Enfin, plusieurs études confirment que le prix des places aux événements sportifs influence les attentes des spectateurs, qui anticipent des prestations de qualité équivalente (Robledo, 2001; Rust et al., 2000). Au début de la saison 2017-2018, les Canadiens de Montréal arrivaient en tête dans la LNH dans cette catégorie, les amateurs devant payer en moyenne 195 $ US par match pour franchir les portes du Centre Bell (Benjamin, 2017). Bien entendu, les partisans de l’équipe n’achètent pas tous des billets, et plusieurs se contentent de suivre les matchs à la télé ou à la radio. D’autres, cependant, le font de manière occasionnelle. Il est toutefois possible de croire que cet aspect n’est pas pleinement évacué de l’esprit des partisans, qu’ils assistent ou non en personne à un match.

Bref, les Canadiens de Montréal constituent une équipe fortunée au passé glorieux et qui jouit d’une réputation d’envergure. Cela, ajouté au suivi médiatique frénétique, participe à la création d’attentes particulièrement élevées avec lesquelles les hauts dirigeants et les entraîneurs doivent composer.

4.2. L’entraîneur à la veille de la saison 2016-2017

Le hasard a fait que la saison 2016-2017 des Canadiens a été ponctuée d’un changement d’entraîneur au moment où l’équipe atteignait près des trois quarts du calendrier régulier. Il est possible de croire qu’à la veille de cette saison, la pression ait été augmentée pour l’entraîneur

47

des Canadiens, Michel Therrien, que l’on disait parfois « abrasif » à l’interne (Raymond, 2017), mais globalement sous-évalué dans son travail (RDS, 2016; RDS, 2017a). La saison précédente, l’équipe, minée par les blessures et des dissensions internes, n’avait pas été en mesure de participer aux séries éliminatoires, terminant au sixième rang (sur huit) dans la section Atlantique. Plusieurs s’accordaient pour dire que Michel Therrien jouait son avenir en cette saison (cf. Cantin et al., 2016; Cooper, 2016). D’autres ont même été un peu plus loin et affirmé qu’il était l’entraîneur le plus susceptible de perdre son poste en 2016-2017. Cela a notamment été le cas de 12 des 16 experts de la chaîne sportive canadienne Sportsnet sondés à ce sujet (cf. Sportsnet Staff, 2016). Même son de cloche du côté des entreprises de paris sportifs. Le site québécois Mise- O-Jeu, par exemple, donnait Michel Therrien favori pour être le premier entraîneur congédié en 2016-2017 (Agence QMI, 2016).

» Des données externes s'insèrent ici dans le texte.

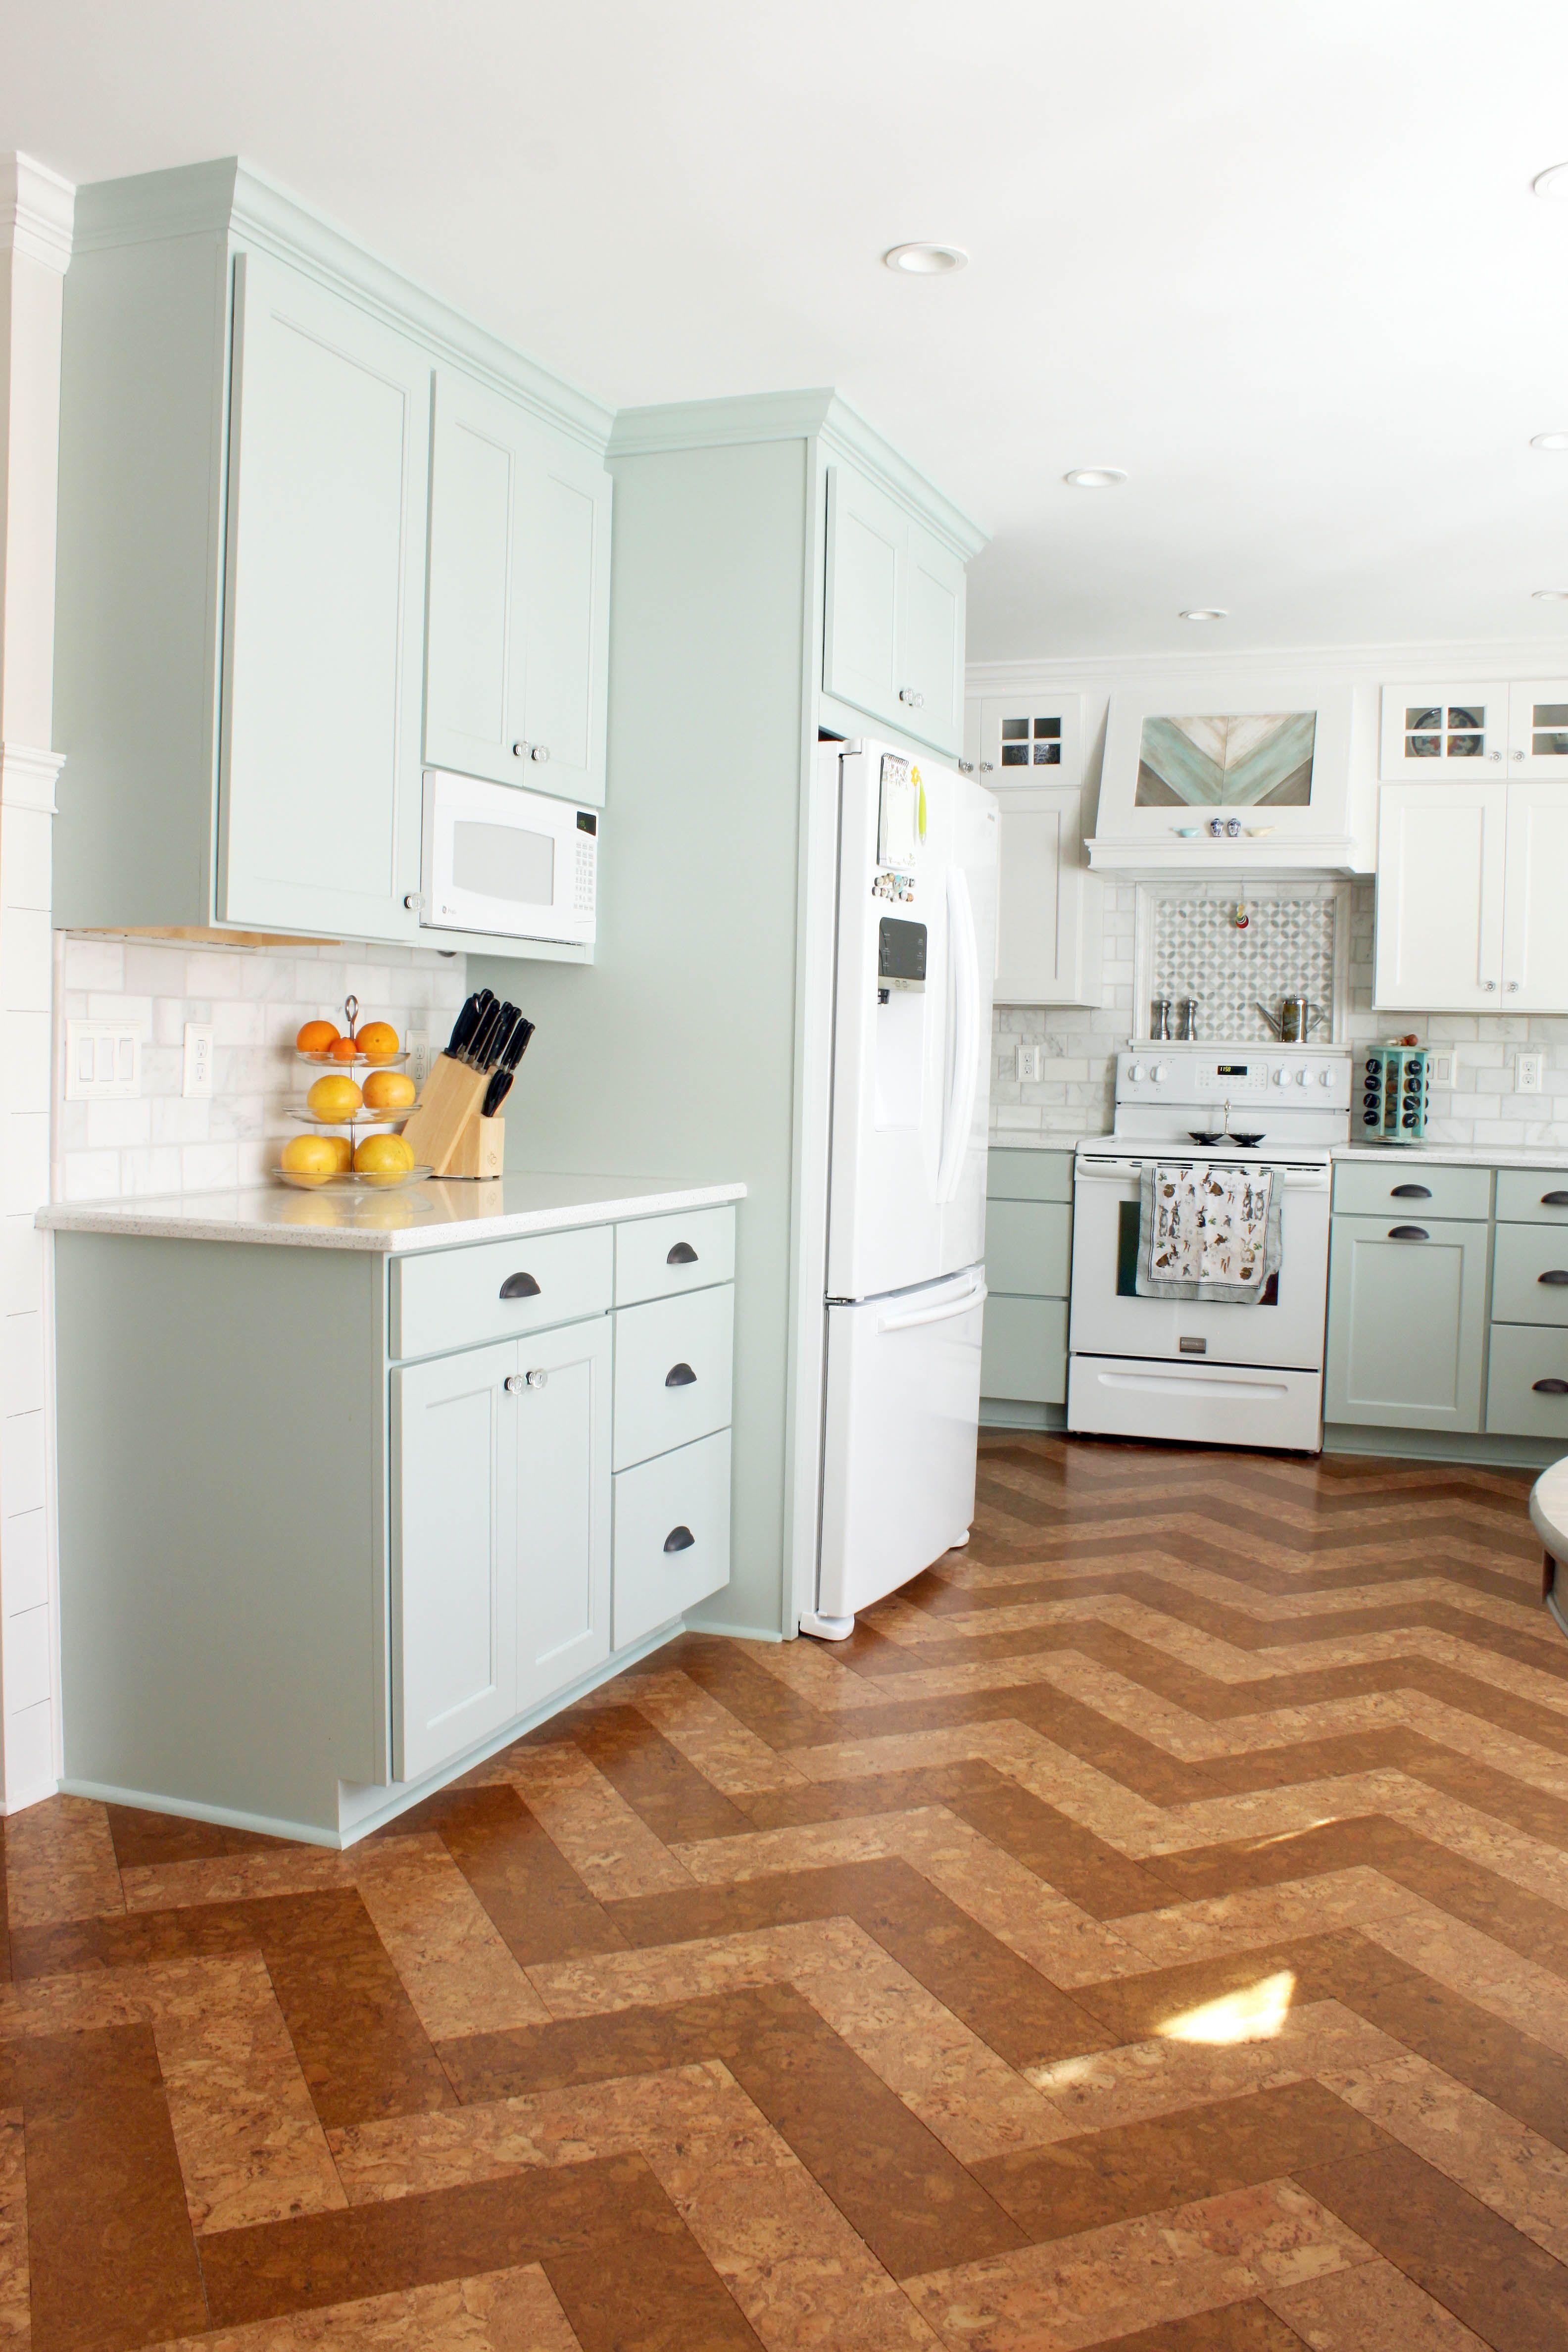 A Herringbone Cork Floor Made By Globus Cork Selected And

Nonobstant ces considérations, la pression exercée sur l’entraîneur de cette équipe centenaire est colossale d’une saison à l’autre. Ce dernier doit d’abord s’exprimer dans les deux langues officielles du pays. Il demeure en effet l’une des dernières figures publiques francophones de l’équipe, le nombre de joueurs s’exprimant dans la langue de Molière ayant largement diminué au cours des dernières décennies. Qui plus est, le calendrier de l’équipe comporte près de 90 matchs par année – parfois plus –, et peut engendrer une bonne part de stress (cf. Engels, 2017a), ce dont avait souffert Michel Therrien à la fin de la saison 2015-2016 (cf. De Foy, 2016). Par ailleurs, tout entraîneur œuvrant dans ce marché doit essuyer des critiques parfois sévères, parfois injustifiées. Michel Therrien aurait reçu en cours de mandat sa part de « haine et de vitriol », a précisé le journaliste Adam Susser (Montreal Hockey Inside out, 2016). Cette situation semble peu étonnante si l’on considère que l’entraîneur-chef occuperait le poste le plus

48

étroitement surveillé au Québec (Cowan, 2016), et que chaque mot peut être disproportionné ou pris hors contexte (Engels, 2017b).